- Opening Delimiter -
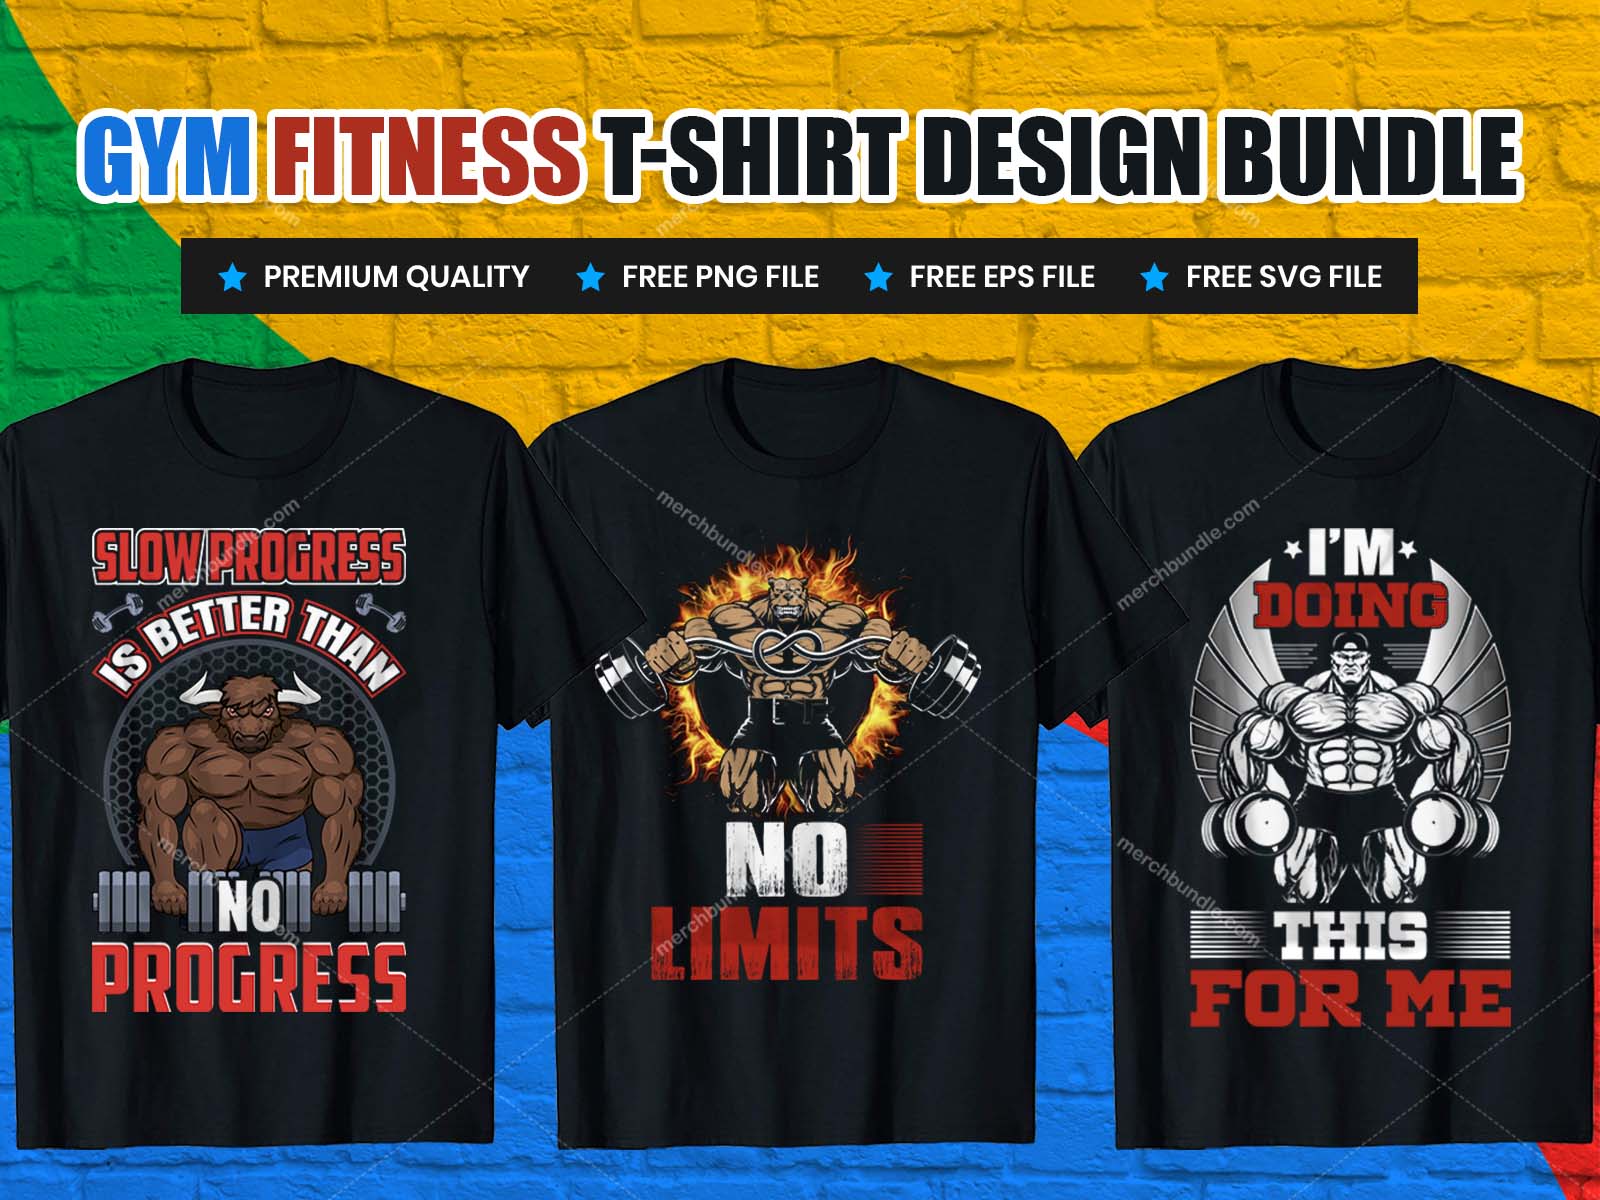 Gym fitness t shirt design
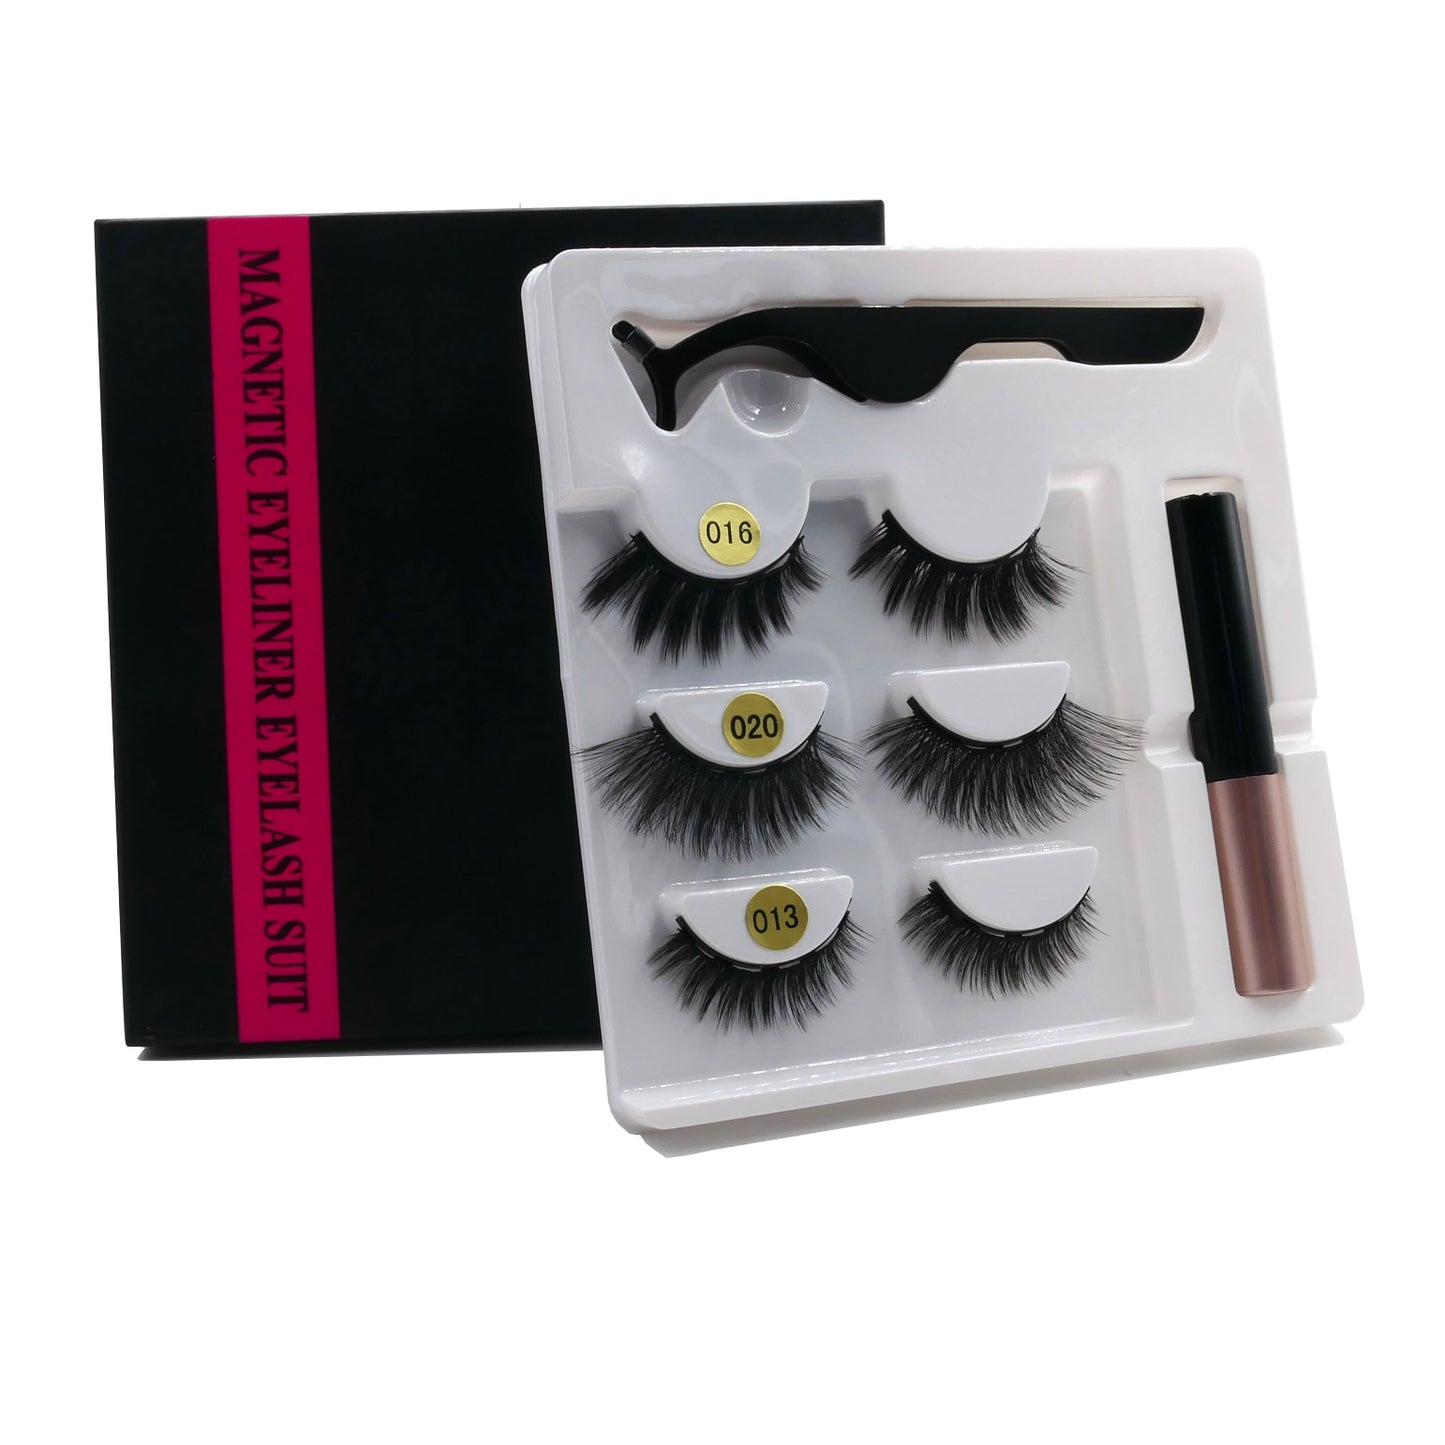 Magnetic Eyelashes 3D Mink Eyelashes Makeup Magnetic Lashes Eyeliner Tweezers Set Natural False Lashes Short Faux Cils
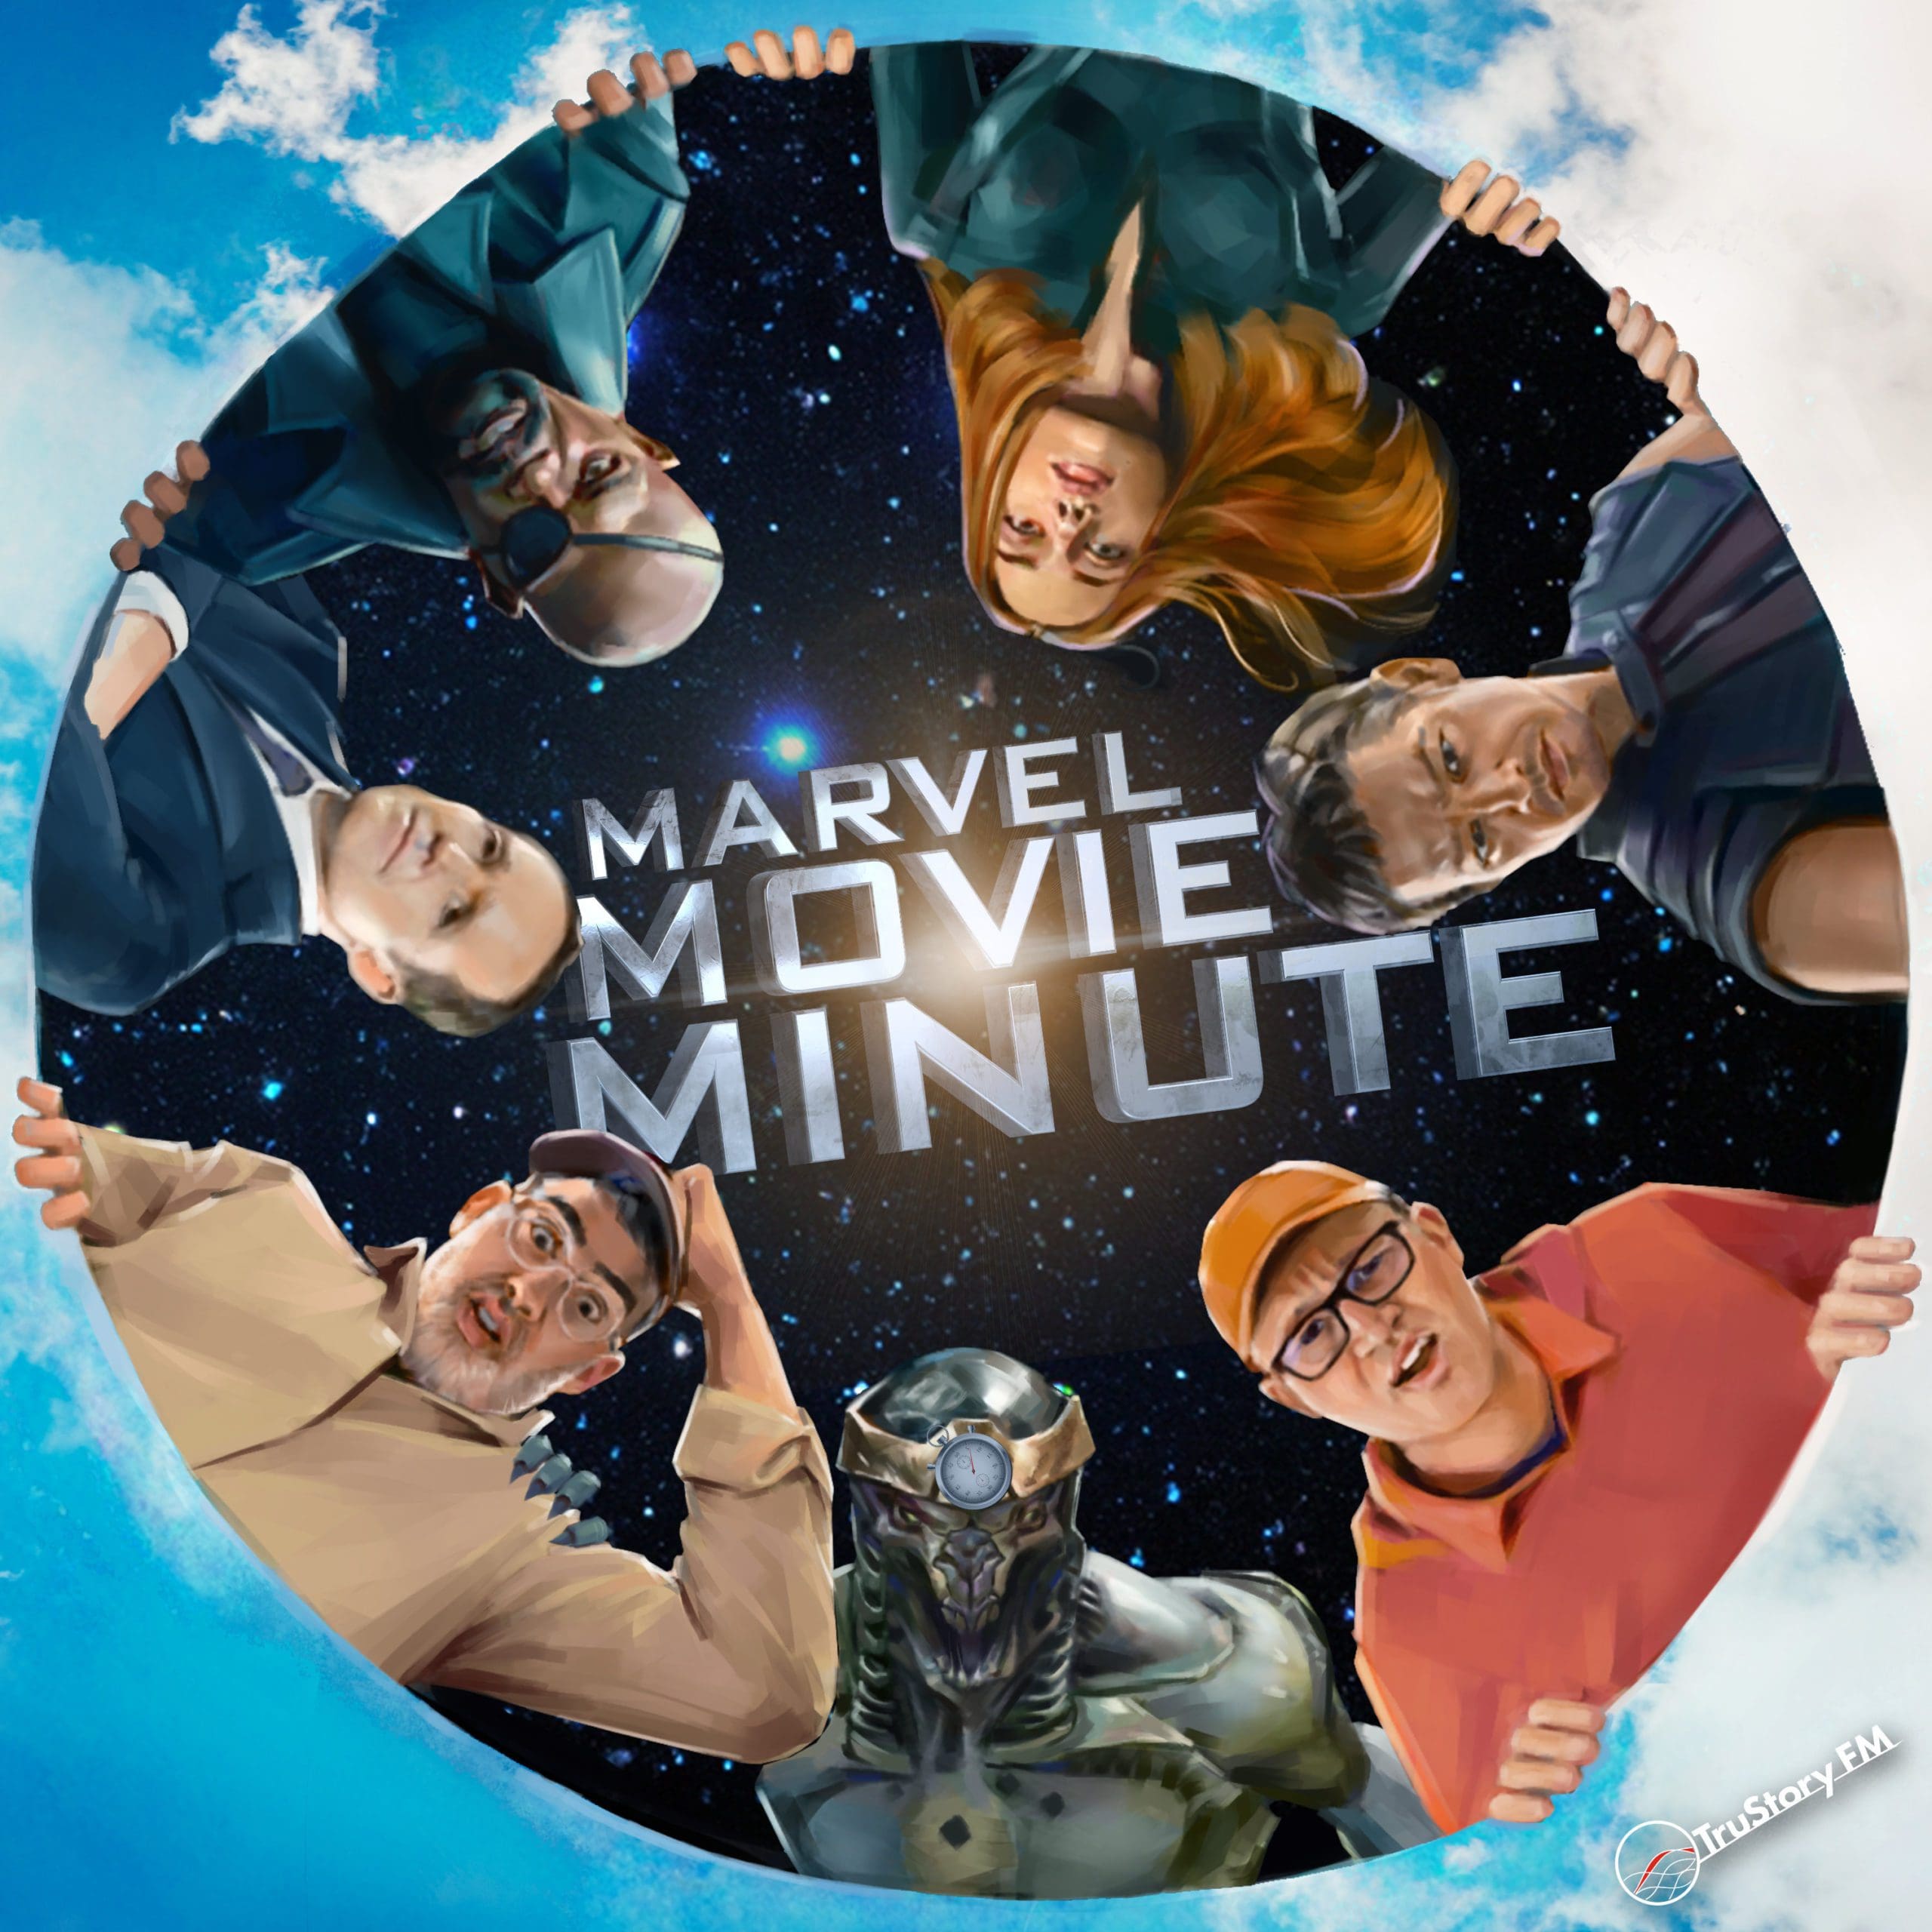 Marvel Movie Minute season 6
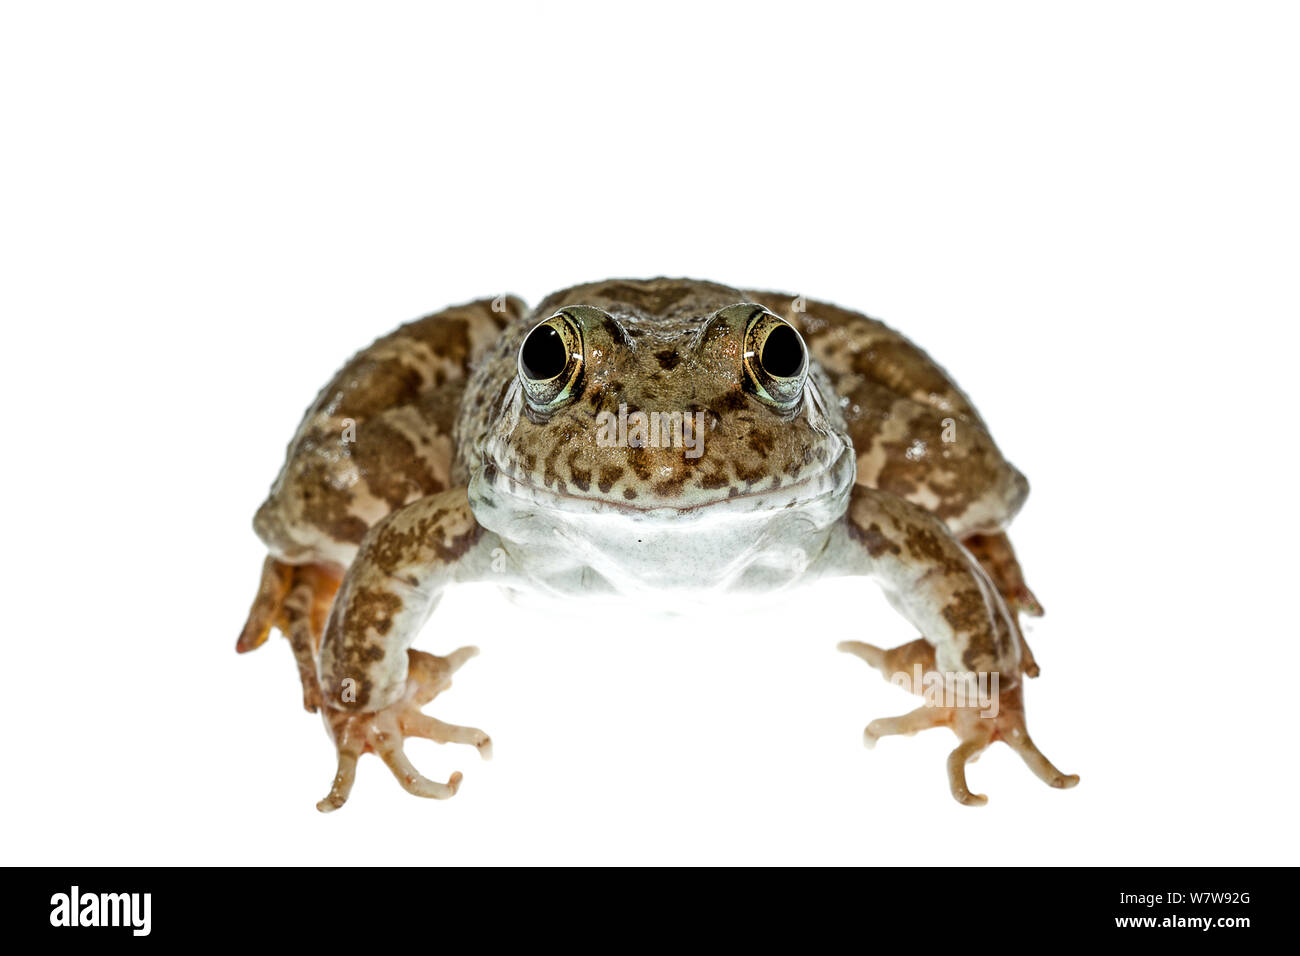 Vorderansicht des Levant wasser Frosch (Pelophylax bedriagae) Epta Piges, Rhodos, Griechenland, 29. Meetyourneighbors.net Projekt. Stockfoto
- Closing Delimiter -
• THE PROBLEM:
Pictures are to be omitted. Print exactly the lines from the line containing "Marvel Movie Minute season 6" through the final line of the material above, both included.

• YOUR SOLUTION:
 Marvel Movie Minute season 6
 Vorderansicht des Levant wasser Frosch (Pelophylax bedriagae) Epta Piges, Rhodos, Griechenland, 29. Meetyourneighbors.net Projekt. Stockfoto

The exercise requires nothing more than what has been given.